When things swiftly went wrong, pundits like me generally described this in terms of the breakdown of the Westminster model. Speakers threw their wigs away and ceased to be impartial, party members crossed the floor without seeking re-election, and indeed the majority of MPs refused to face voters in the polls, remaining in the House only to cling on to power, serving not the people, but their own selfish interests. In time these travesties of democracy collapsed into dictatorships, tin-pot regimes, banana republics and finally, failed states.

From where I stand, after a lifetime on the Africa beat, I see that many of the political outrages I covered on this continent in our sad past are becoming the daily norm in British politics today. I have been in several African states that refused to respect the majority of voters’ wishes. In all of them, Western nations, together with the Bretton Woods institutions, began steps towards imposing sanctions. If leaders describe voters as idiots who do not know what they are voting for, you might think you are in a past tyranny in Sudan, Nigeria or Mugabe’s Zimbabwe. If you promise to cancel a national vote altogether, as the Lib Dems have, that puts you in the league of Ethiopia’s Mengistu Haile Mariam or Libya’s Muammar Gaddafi.

Can you imagine the reaction of international donors if the President of Malawi stood up at his ruling party’s conference and promised — as Labour’s John McDonnell recently did — to ‘reduce average full-time working hours to 32 a week — with no loss of pay…’ Even Britain’s leftist aid wing DfID would find it hard to justify dishing out cash to a regime like that.
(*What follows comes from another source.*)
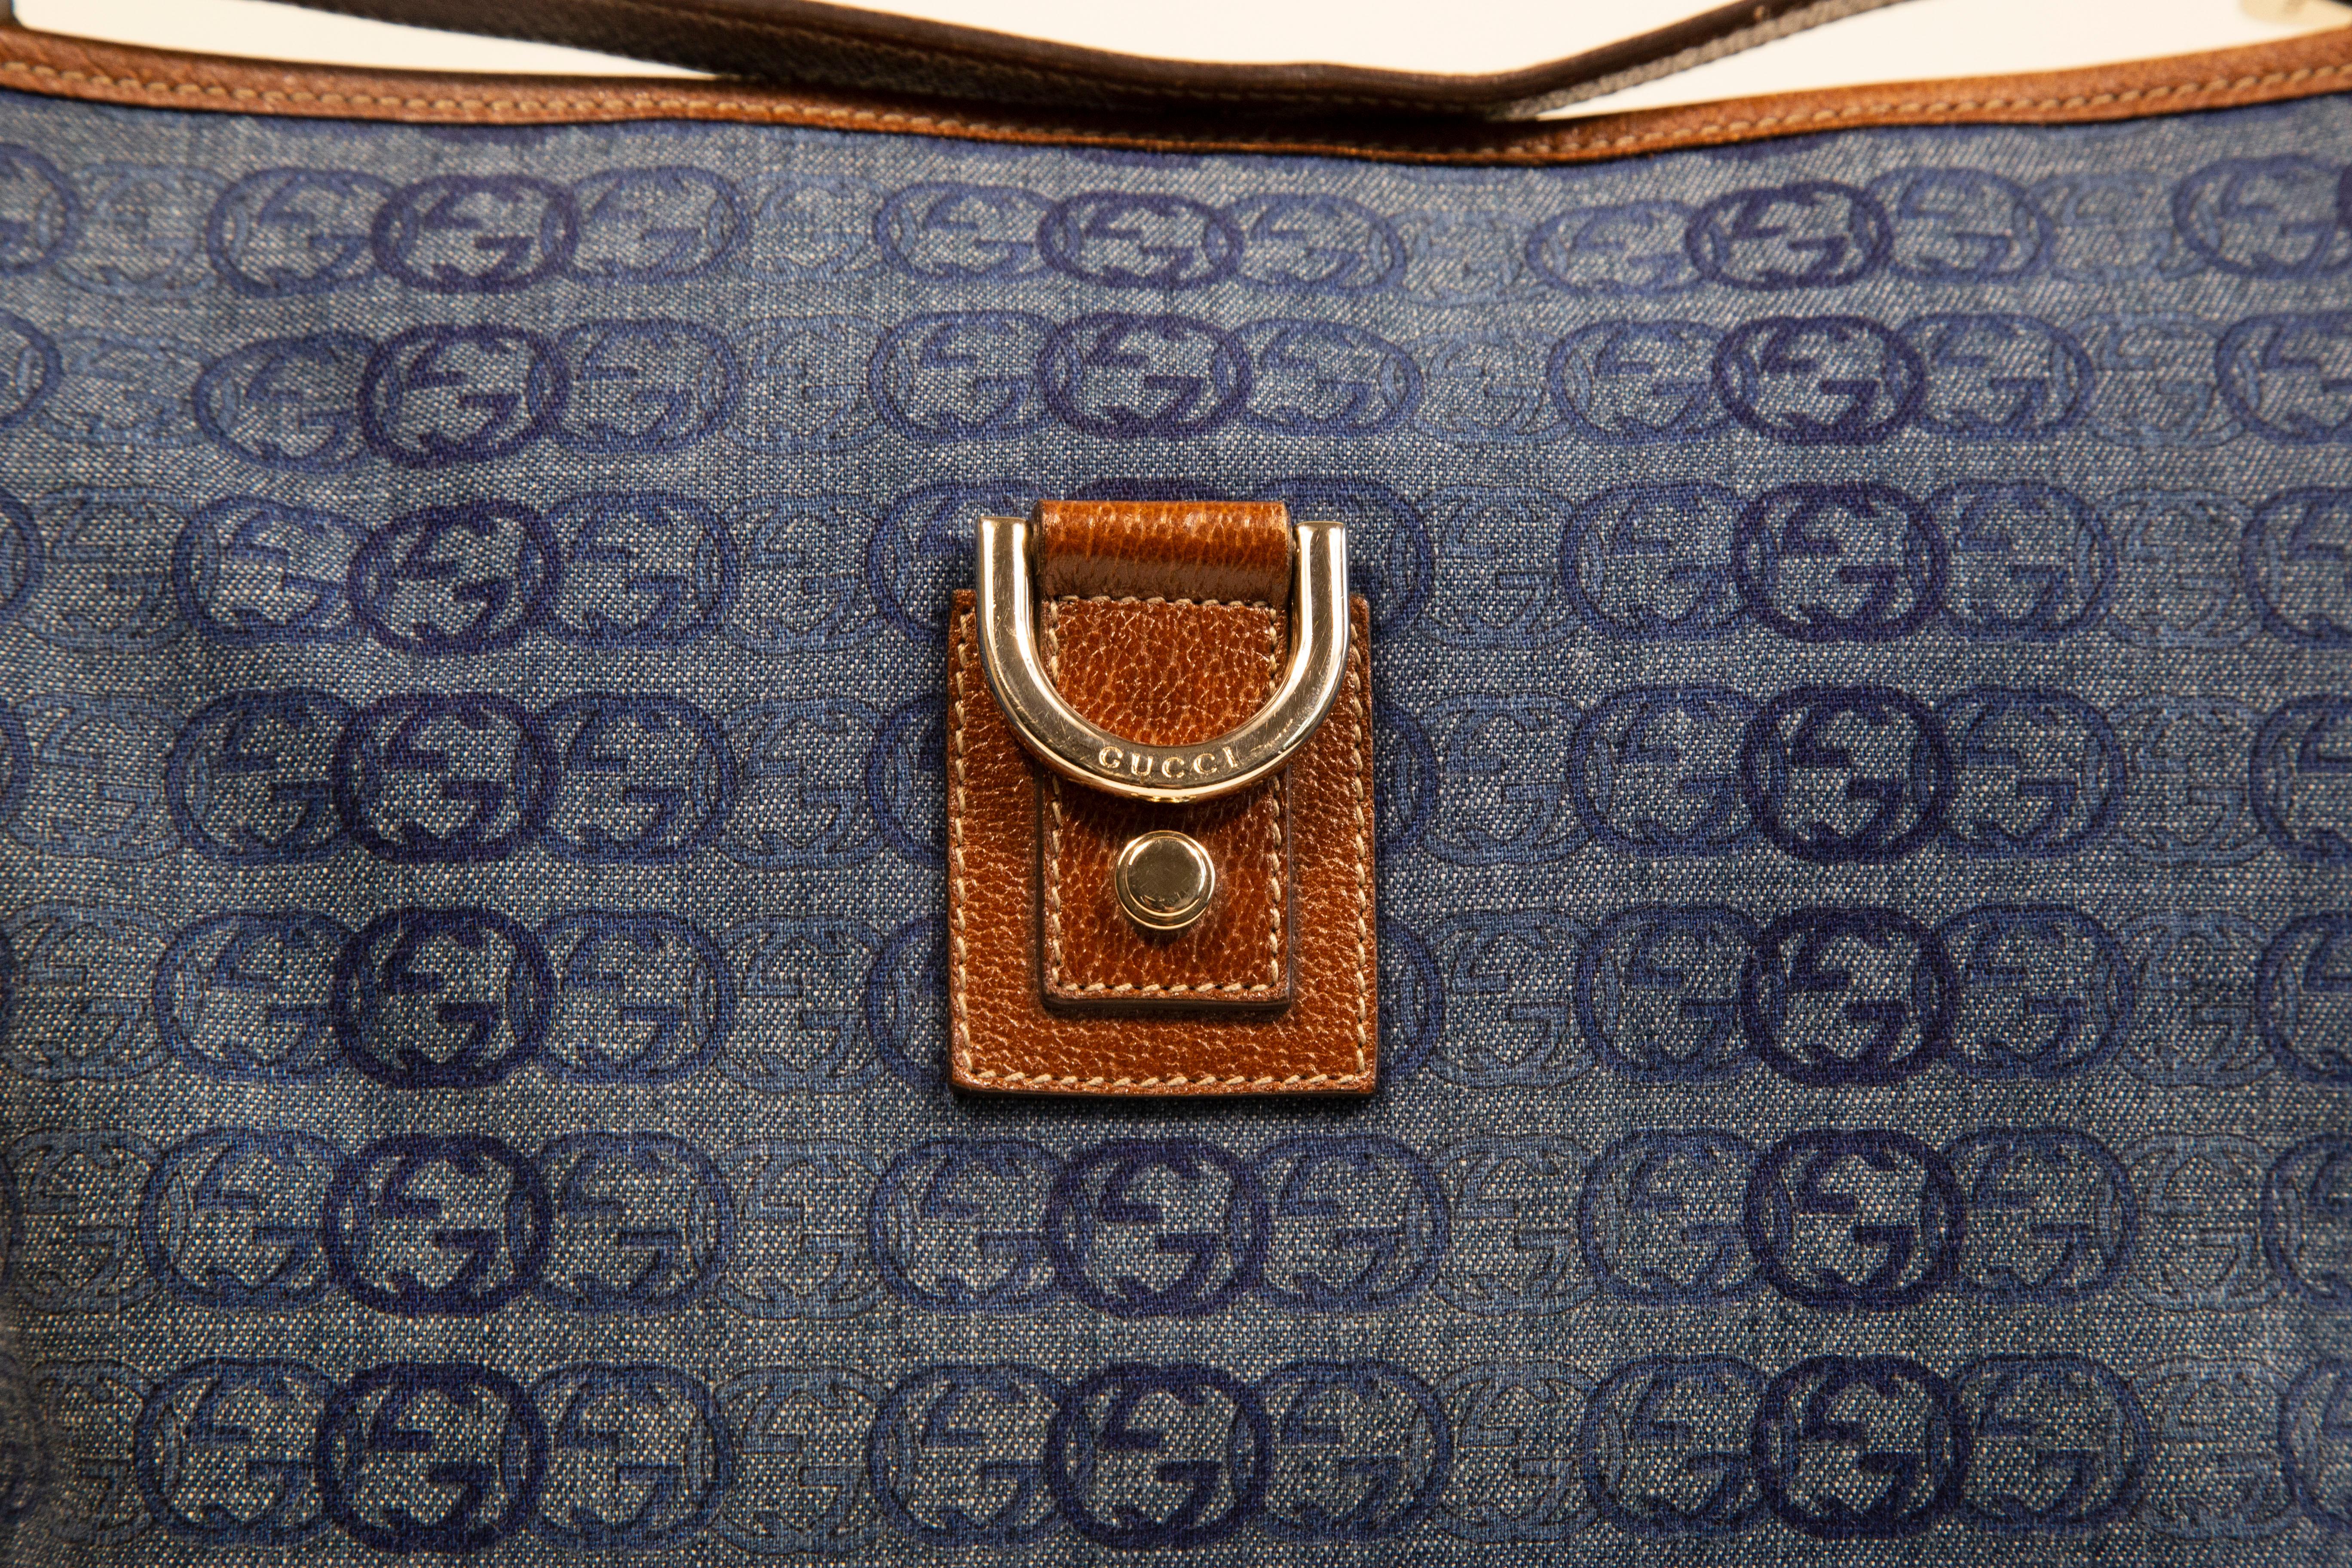 Eine Gucci Umhängetasche  aus blauem Canvas/Jeansstoff mit ineinandergreifendem GG-Muster. Die Tasche hat einen braunen Lederbesatz und goldfarbene Beschläge. Der Innenraum ist mit braunem Stoff ausgekleidet und bietet neben dem Hauptfach eine

What would people say if Tanzania’s President John Magufuli decided to seize the assets of 2,500 schools, ‘redistribute’ the cash to his cronies and sling 615,000 kids on to the streets? And finally — in Britain, Jeremy Corbyn gets to hang out with the IRA and call terrorist groups his ‘friends’. Had he done that in contemporary Somalia, US Africa Command forces would probably have taken him out with an MQ-9 Reaper firing hellfire missiles. ‘No civilians were injured or killed,’ the press release would say.

It may come as a surprise, but many African political systems today would never tolerate the sorts of things that are currently going on in the United Kingdom. They know they should respect a majority vote and implement the electorate’s decisions without prevarication. They behave in a manner that is often much more grown-up than the way we have seen Westminster conduct itself in recent years. For sure we have our upsets and our dictators — and our madmen Rory Stewart equivalents in shiny-bottomed suits hoping to set up splinter movements headed by themselves. There will certainly be a few coups and revolutions in our future. But what is generally accepted across Africa is Francis Fukuyama’s point that the ultimate goal of mankind’s ideological evolution is ‘Western liberal democracy as the final form of human government’.

The people I talk to in East Africa seem completely bemused by the way British politics is unfolding. I feel that it’s just a matter of time before somebody offers to send Her Majesty another shipload of bananas. And this time the palace might need to take the offer more seriously.